After which one can make such a machine. AB is a lathe or wooden or metal roller, which turning on the poles I, 2 represents the axis HI of the other figure. CG, EF are two flat and smooth plates or boards, especially on the side where they touch each other, so that the surface that can be imagined between the two, being parallel to the roller AB, and cut at right angles by the plane that can be imagined passing through the points I, 2, and C, O, G, represents the plane VX which cuts the Cone. And NP the width of the upper CG is equal to the diameter of the glass to be cut, or a little larger. Finally, KLM is a rule which, turning with the roller AB on the poles I, 2, so that the angle ALM always remains equal to HTV, represents the line TV which describes the Cone. And one must think that this rule is so passed through this roller, that it can rise and fall by sliding in the hole L, which is exactly of its thickness; and even that there is somewhere, as towards K, a weight or spring, which always presses it against the plate CG, by which it is supported, and prevented from going further.

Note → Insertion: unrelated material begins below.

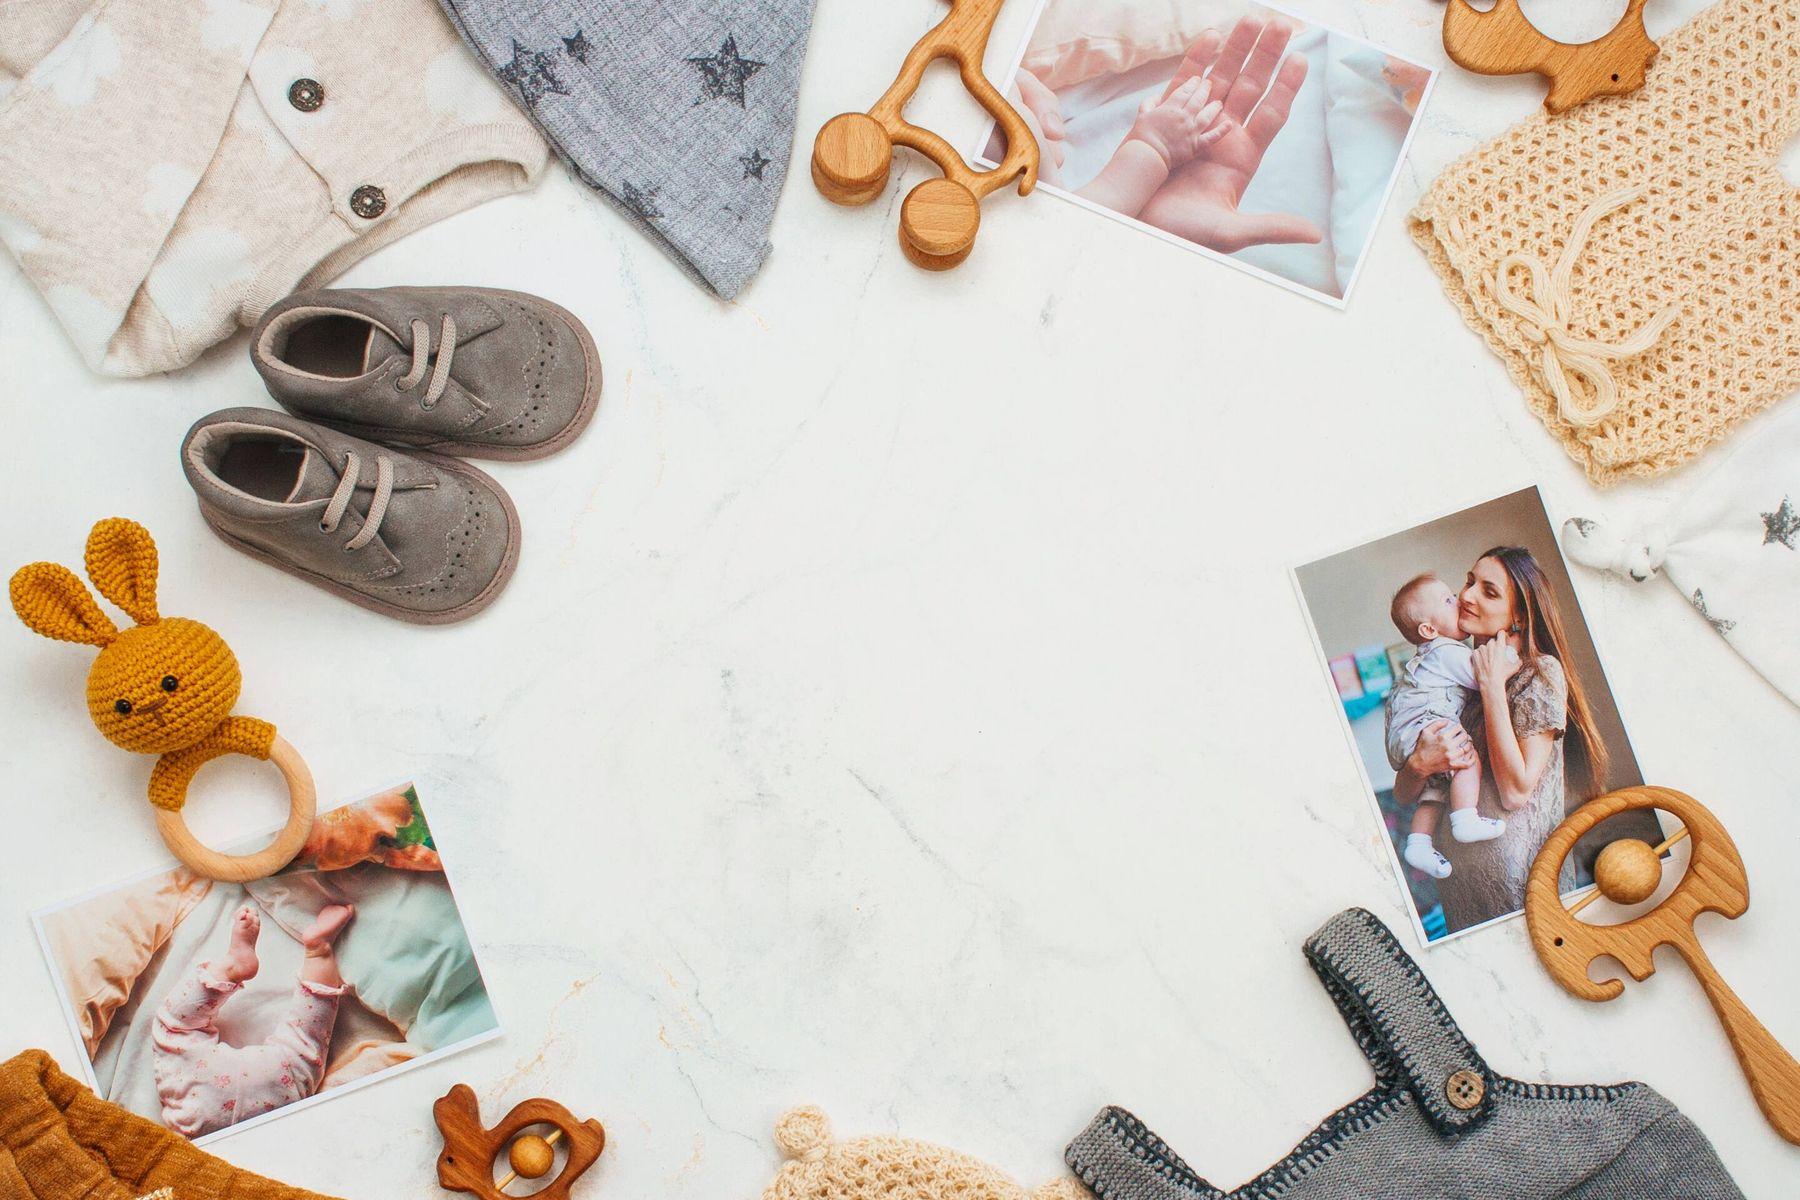 अपने बच्चों के कपड़े पर लगे दाग़ कैसे साफ़ करें | क्लीएनीपीडिया
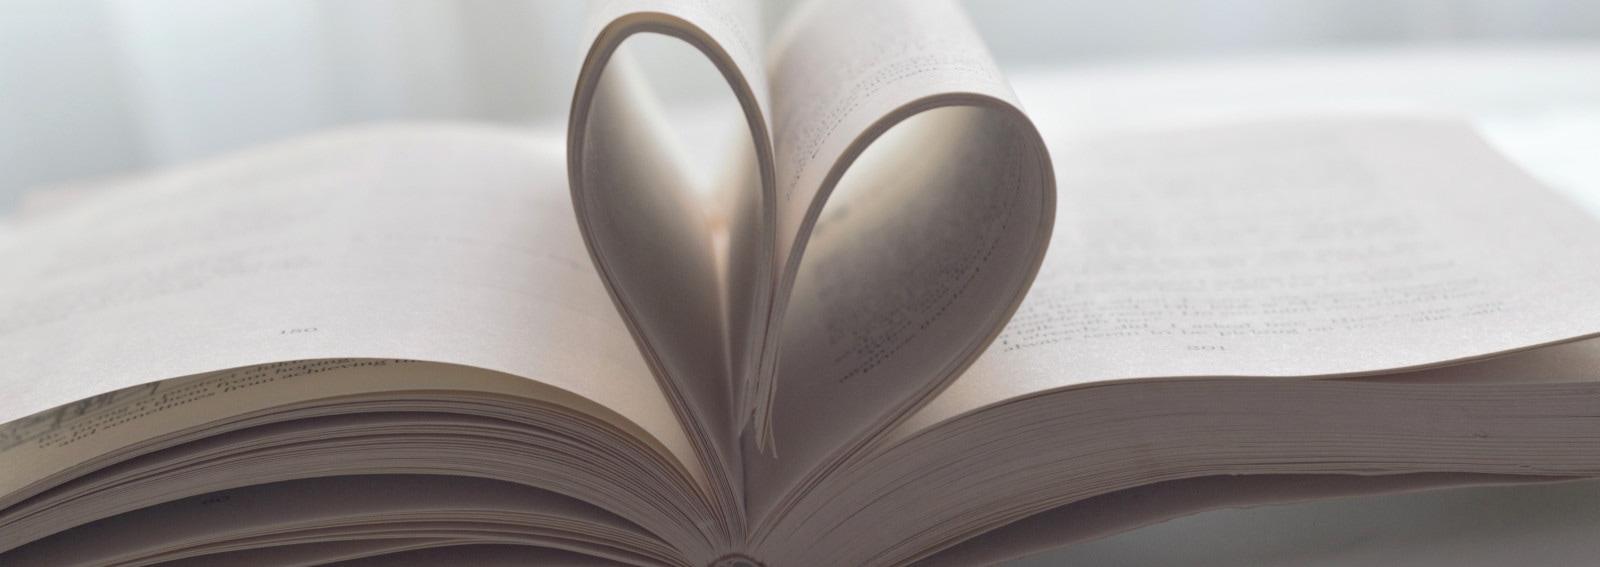 visore-libri-romanticiDESK

And moreover that its end M is a well-tempered steel point, which has the strength to cut this plate CG, but not the other EF which is underneath. From which it is manifest that if one moves this rule KLM on the poles I, 2, so that the steel point M passes from N through O towards P, and reciprocally from P through O towards N, it will divide this plate CG into two others, CNOP, and GNOP, of which the side NOP will be terminated by a sharp, convex line in CNOP, and concave in GNOP, which will have exactly the figure of a hyperbola. And these two plates, CNOP, GNOP, being of steel or other very hard material, may serve not only as models, but perhaps also as tools or instruments for cutting certain wheels, from which I will soon say that the glasses must derive their figures. However, there is still a defect here in that the steel point M, being a little differently turned when it is towards N, or towards P, than when it is towards O, the wire or the cutting edge that it gives to these tools cannot be everywhere equal. Which makes me think it will be better to use the following machine, although it is a little more complicated.